Sohn: Politics, not students, still at heart of bathroom concerns

A new sticker designates a gender neutral bathroom at Nathan Hale High School in Seattle. Bathrooms for transgender students have become political footballs again. (AP file photo/Elaine Thompson)
A new sticker designates a gender neutral bathroom at Nathan Hale High School in Seattle. Bathrooms for transgender students have become political footballs again. (AP file photo/Elaine Thompson)

Just when you thought the GOP had gotten its collective mind out of the bathroom, President Donald Trump flushed.

On Wednesday, the Trump administration rescinded Obama administration protections for transgender students allowing them to use bathrooms corresponding with their gender identity.

In a joint letter, top officials from the Justice Department and the Education Department rejected the previous administration's directive, saying it was improperly and arbitrarily devised, "without due regard for the primary role of the states and local school districts in establishing educational policy."

That's funny. It's funny because Tennessee lawmakers argued the same thing against Obama's rule last year, and Obama's directive specifically left it to the states and local schools to find ways to accommodate transgender students.

Translation: Local schools would figure out how to do this - add or redesignate bathrooms, add new signs, hold school discussions, whatever they deemed they needed to do to provide privacy to all students.

At the time, then-U.S. Attorney General Loretta Lynch said "there is no room in our schools for discrimination of any kind, including discrimination against transgender students on the basis of their sex. This guidance gives administrators, teachers and parents the tools they need to protect transgender students from peer harassment and to identify and address unjust school policies."

The White House further clarified that "the guidance" was not an enforcement action and didn't make any additional requirements under the law. "Decisions on sensitive issues like this should continue to be made at the local level," the White House said.

But social conservatives argued that Obama's policy would allow potential sexual predators access to bathrooms and create an unsafe environment for children, and that's what Tennessee lawmakers argued while seeking a state law that would require students to use the bathrooms matching the sex on their birth certificate.

In arguing against the Obama directive, Republicans claimed to see the "heavy hand" and "long arm" of the federal government in it. Obama's directive (like Trump's) didn't carry the weight of law, but it does (like Trump's ultimately) carry a stick: In all school civil rights guidance, from racial equality to girls' equal access in sports, schools can face loss of federal education funding if they violate a child's civil rights. And make no mistake, this policy will still be decided by the courts - not as policy, but as a civil rights issue.

But social conservatives continue to grandstand. (This is, after all, the GOP that wants less regulation but feels the need to stop everyone, about everything, to check their papers - now even a birth certificate bathroom test.)

"The federal government has absolutely no right to strip parents and local schools of their rights to provide a safe learning environment for children," said Tony Perkins, president of the Washington, D.C.-based Family Research Council.

Let's review: Obama's directive said it's up to the states to figure out how to be fair and not discriminate.
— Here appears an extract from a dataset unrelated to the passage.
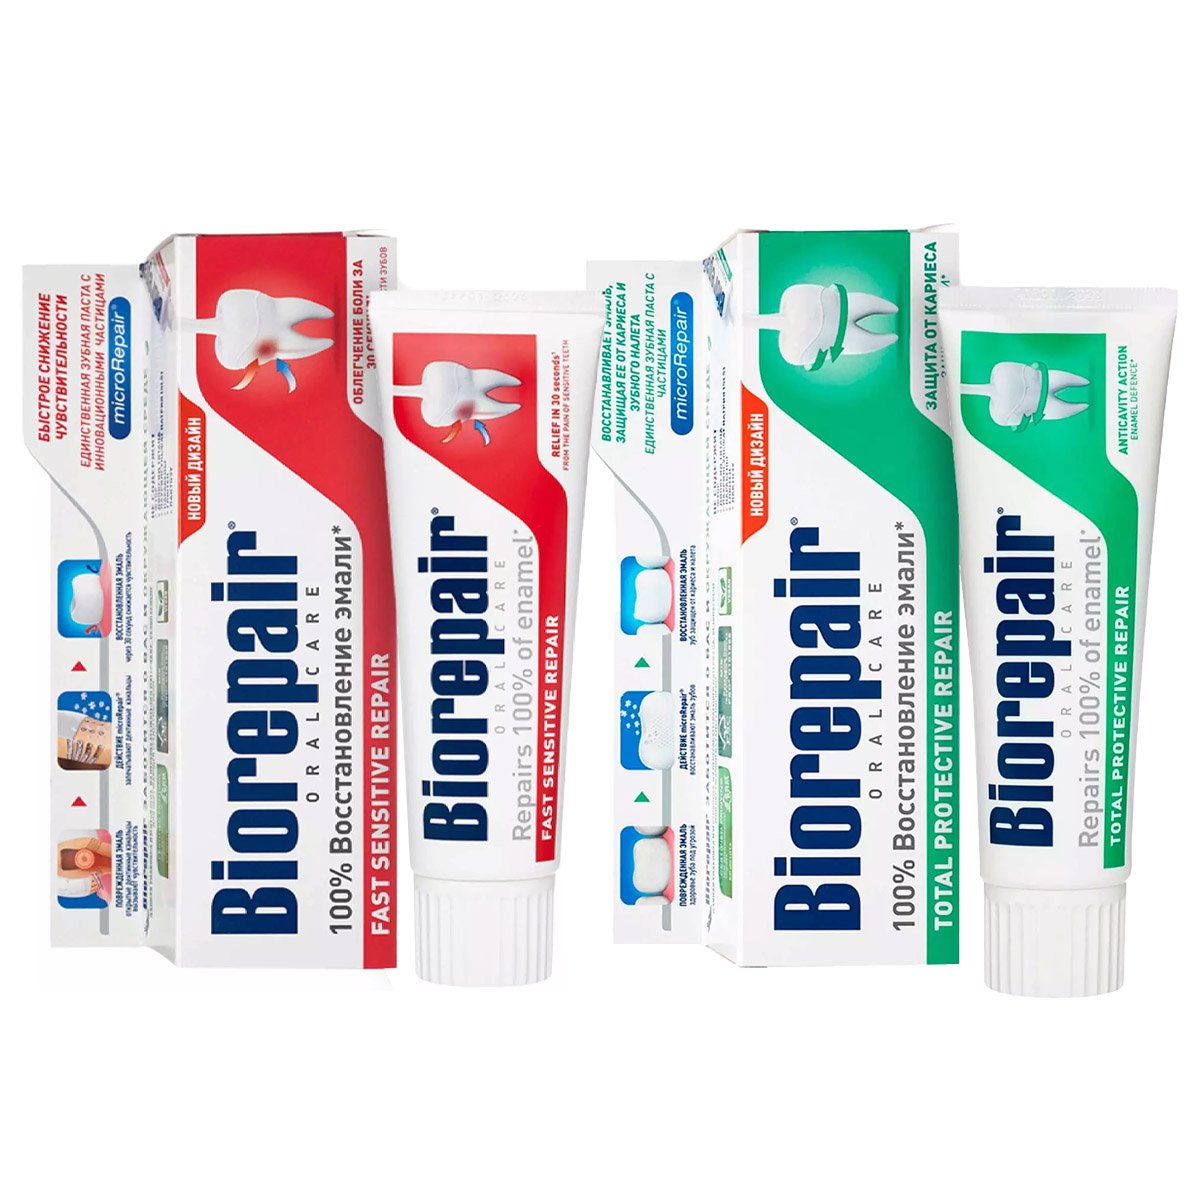 Biorepair Набор зубных паст для чувствительных зубов, 2х75 мл (Biorepair, Чувствительные зубы) цена и фото

Our Volunteer State and others, in effect, said we don't want the Obama directive because it should be up to the states. And the Trump administration just rescinded the Obama guidance because - you guessed it - it should be up to the states.

This is like dogs chasing their tails - all to make political statements.

The silly saga began playing out in the Tennessee General Assembly last May when 26 of 28 members of Tennessee's GOP-run Senate called on Republican Gov. Bill Haslam to file a lawsuit challenging Obama's directive. Obama's action came in the aftermath of North Carolina passing a law that among other things restricted transgender students to restrooms and locker room matching the sex on their birth certificates and official school documents.

The dogs can't catch and hang on to their tails, and they grow dizzier and dizzier. But, by golly, each dog wants a bite and a directive with its party label on it.

The effect of Trump's directive likely will be nothing because a federal court has already issued a nationwide injunction barring enforcement of the Obama order, and the ACLU already has another similar civil rights case in the pipeline to the Supreme Court.

But again, compliance is really simple: School leaders must, on their own and from state to state, figure out how to make sure there are private and safe bathrooms for everyone.

This seems like just another "duh" moment that politicians don't seem to get - especially conservatives. This was already in state and local purview. It's already exactly what we expect our school systems to do.

Why don't Jeff Sessions and Donald Trump find something more important to do than pander to the ultra right and reinvent the wheel just to brand it GOP.